あ、そうだ。祖父の自己紹介ってことで、孫の小鳥ちゃんはどうしてるのかと思ったら、恥ずかしそうに顔を赤くして下を向いてた。
まあ、周りから好奇の目でジロジロ見られてるし、そりゃこんな感じにもなるか。青野さんの孫っていう事実はGクラスの同級生も知ってたくらいだからね。
「じゃあ、次は私……」
お、次は汐音の番だ……と思ったら、悪魔の翼と黒猫のシャト、死神の大鎌を出した彼女が教壇で浮かび上がった。
「……堕天使、黒崎汐音、只今参上……夜の露、死の苦しみ……」
「「「ウププッ……」」」
「……」
青野さんたちが口を押えて押し殺すようにして笑ってるし、どうやら僕に黙ってとんでもないことを汐音に吹き込んだみたいだ。夜露死苦《よろしく》ってか……。これにはさすがに驚いたのか、Fクラスがざわめていた。

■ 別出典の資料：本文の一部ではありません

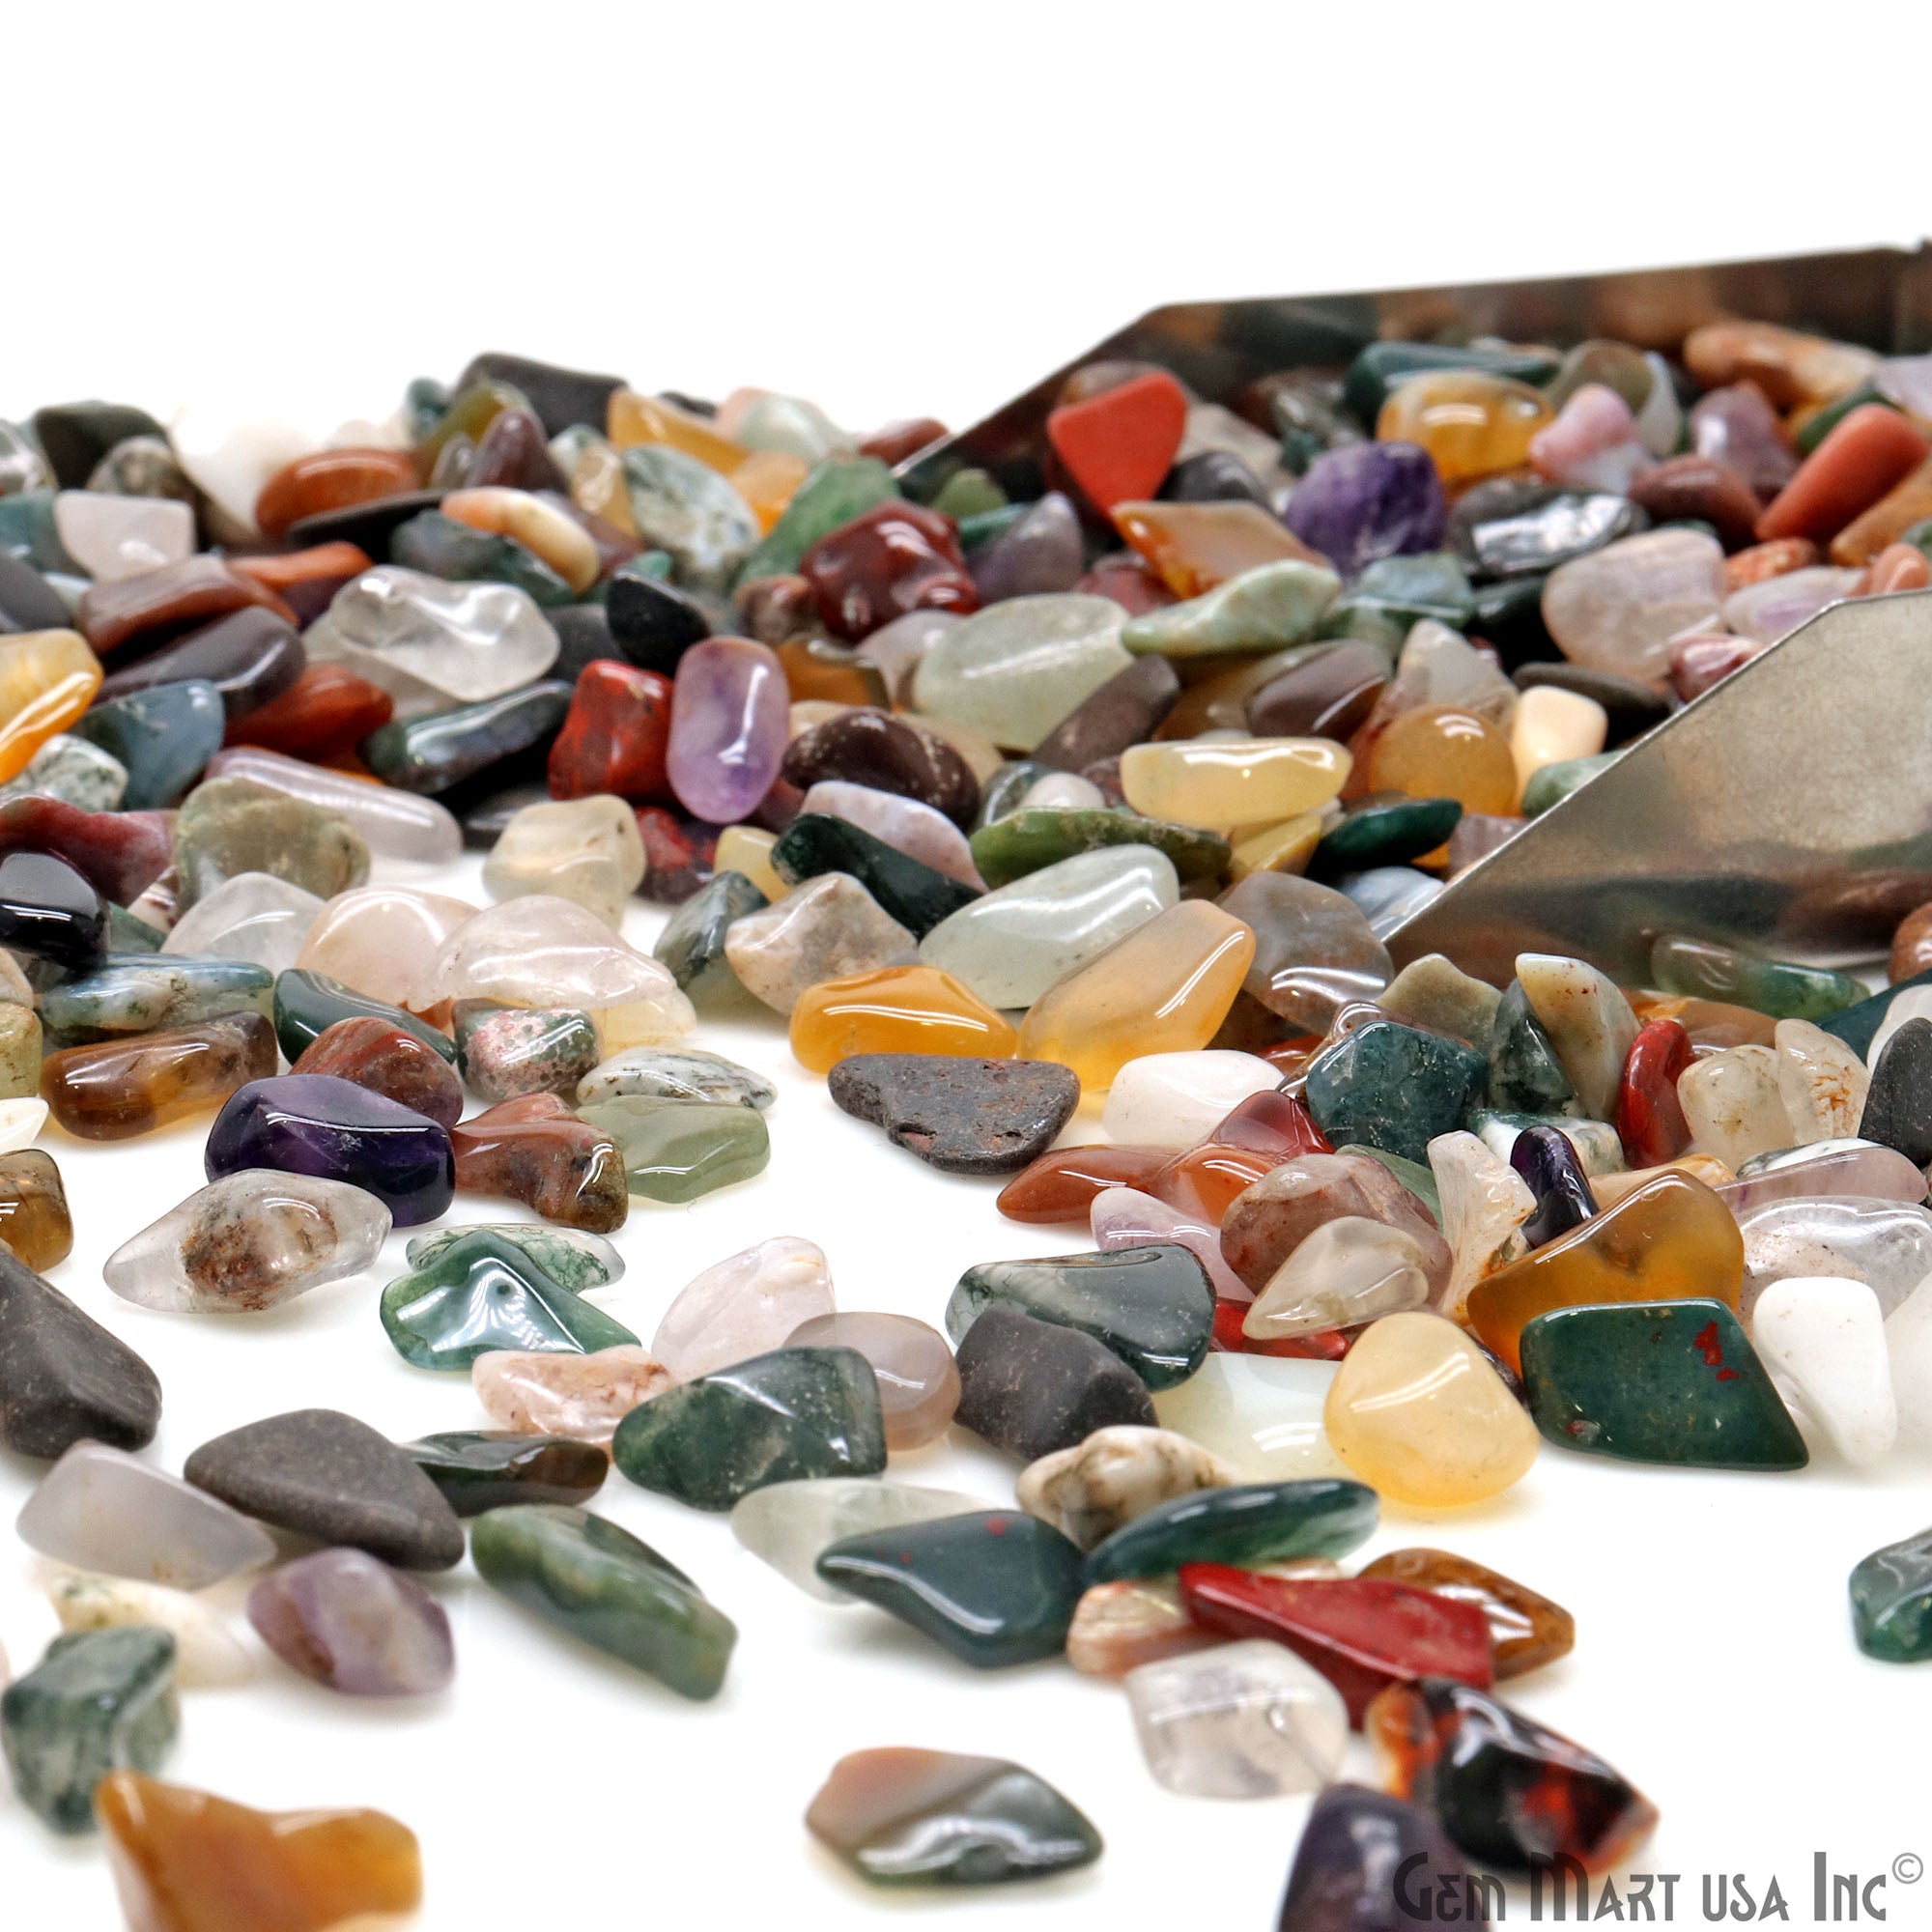 Gemstones for Sale: Buy Loose Stones

「み、みみっ、みなさーん、落ち着いてくださぁーい! 不良さんたちがこのクラスにやってきましたけど、仲良くしましょうねぇーっ!」
「「「「「はーいっ!」」」」」
「って、先生。僕の自己紹介がまだ終わってないし!」
「あっ……! ご、ごめんなさーい!」
……はあ、こんな空気じゃやりづらいなあ。
「やあ、どうも。Fクラスのみなさん。僕は白石優也っていいます。よろしくお願いします。連れはこんな感じだけど、こう見えて普通にいいやつらなんで、仲良くしてやってください」
「「「「「はいっ……!」」」」」
ん、あれ? なんかみんなちょっとビビッてる感じだったね。普通に挨拶したつもりなのになんでだろうと思ったら、そっか。なんかわかった気がする。
どう見ても不良たちの仲間だって疑われてる状況で、僕だけ普通の自己紹介すぎて、逆にボスかなんかかと思われて怖がられてるっぽい。僕はアレか。闇の帝王かなんかか……。